I’m hoping you can help me with some basic movie industry knowledge. In discussions of movies, how they’re made, individual roles, etc., I’m constantly asked who really does what. For example, does it really matter that the executive producer of “Big Success” also produced “New Film?” Is it really a stamp of quality? I’ve tried to figure it out, but not being part of the business it’s still a little murky. So here’s my basic understanding:free stats

Executive Producer – Provides the money, has final say on several matters.
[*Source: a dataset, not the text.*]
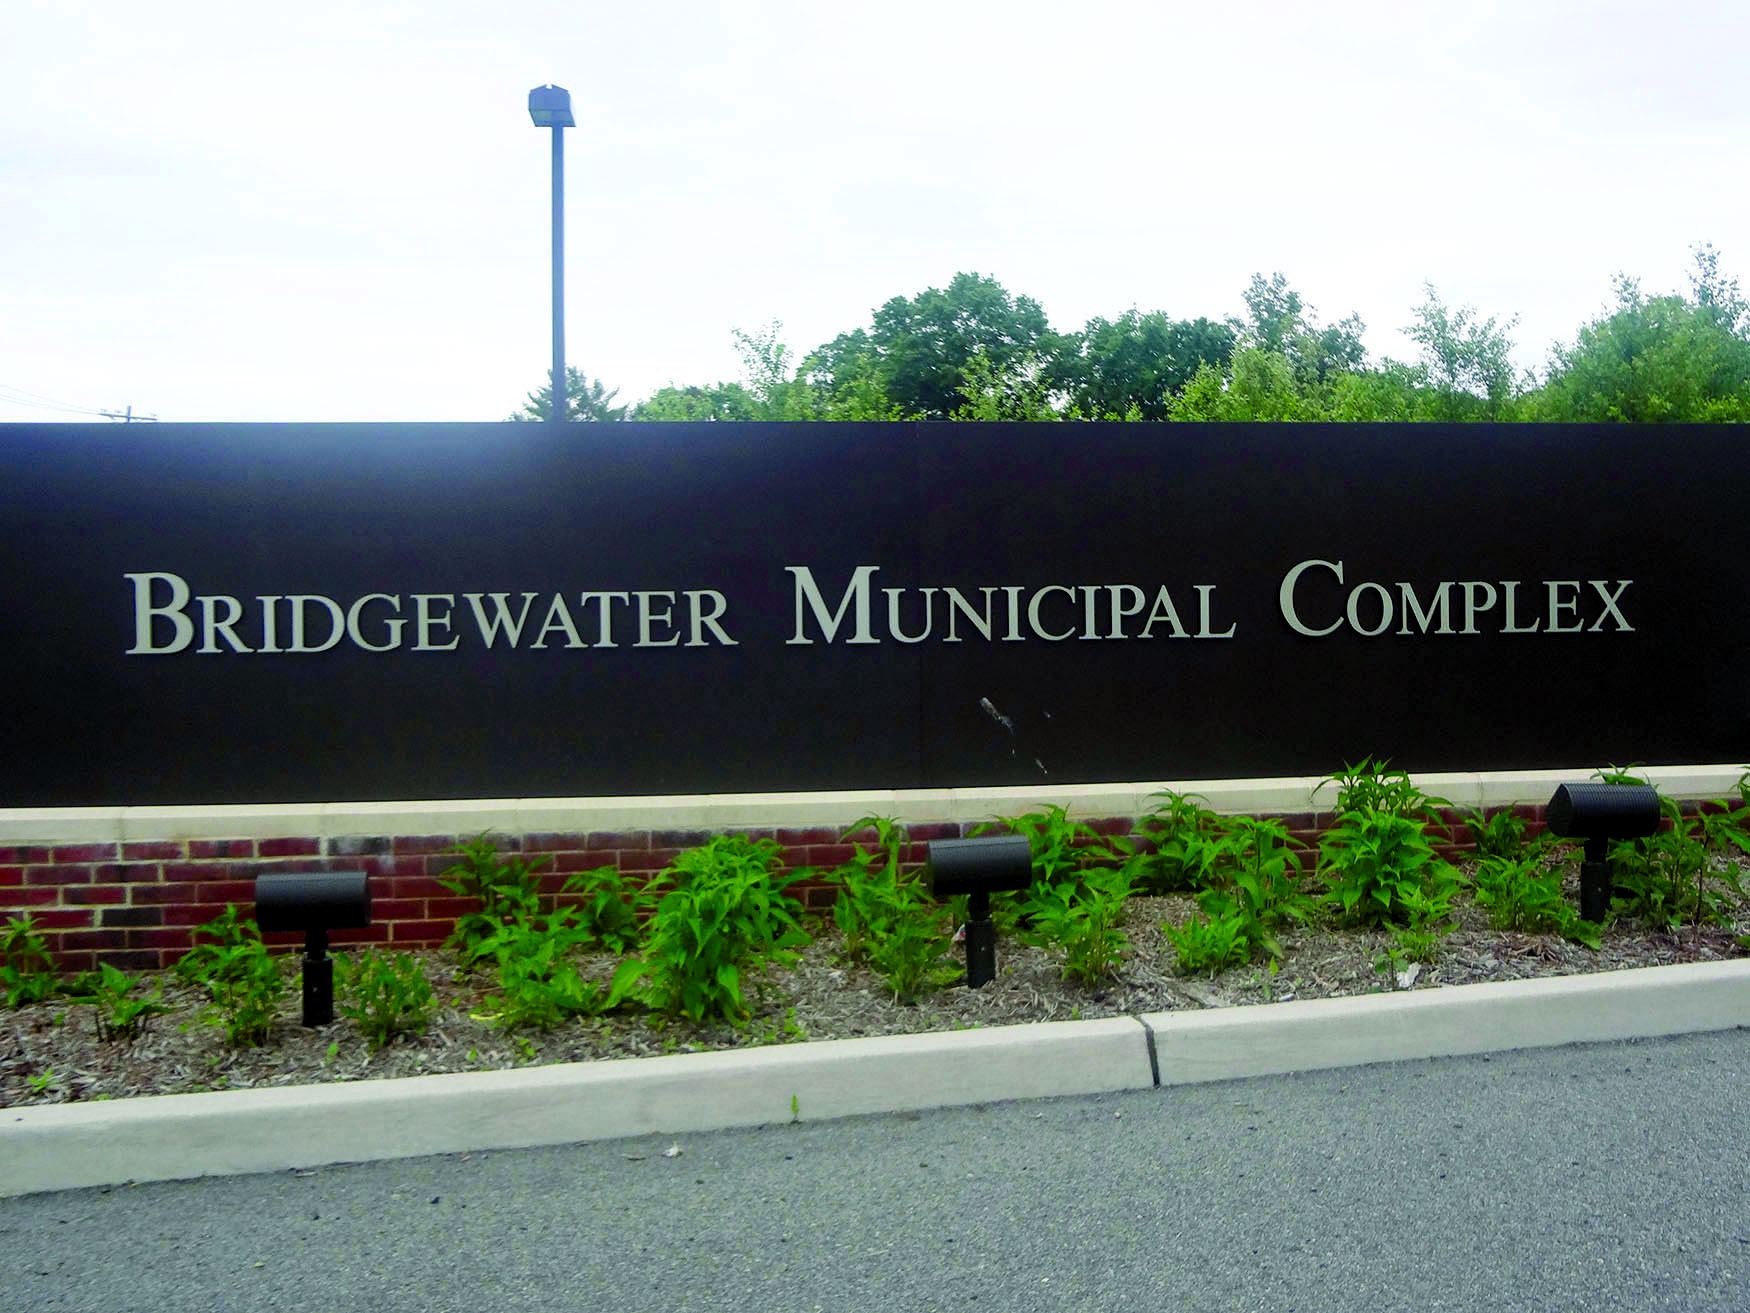 bb61e9ec7645b0544d8e_Bridgewater_municipal.jpg

Producer – Deals with day to day operational matters.
Screenwriter(s) – Provides the foundational material.
Director of Photography/Cinematographer – Creates the look of the film, including angles of shots, lighting, coloring
Director – Oversees individual takes, tries to get actors to deliver a performance that meets his ‘vision,’ decides when to move on to next scene.
Key Grip – Makes sure nothing moves that isn’t supposed to.
Best Boy Grip – No friggin’ clue.

So, assuming that I’m (mostly) right about the above job roles, what happens when someone like Spielberg or Cameron steps up to the helm? Do they just get more of the credit? Do they take on multiple roles? How accurate is it to say that Spielberg’s success is due in large part to good script selection, like Tom Hanks?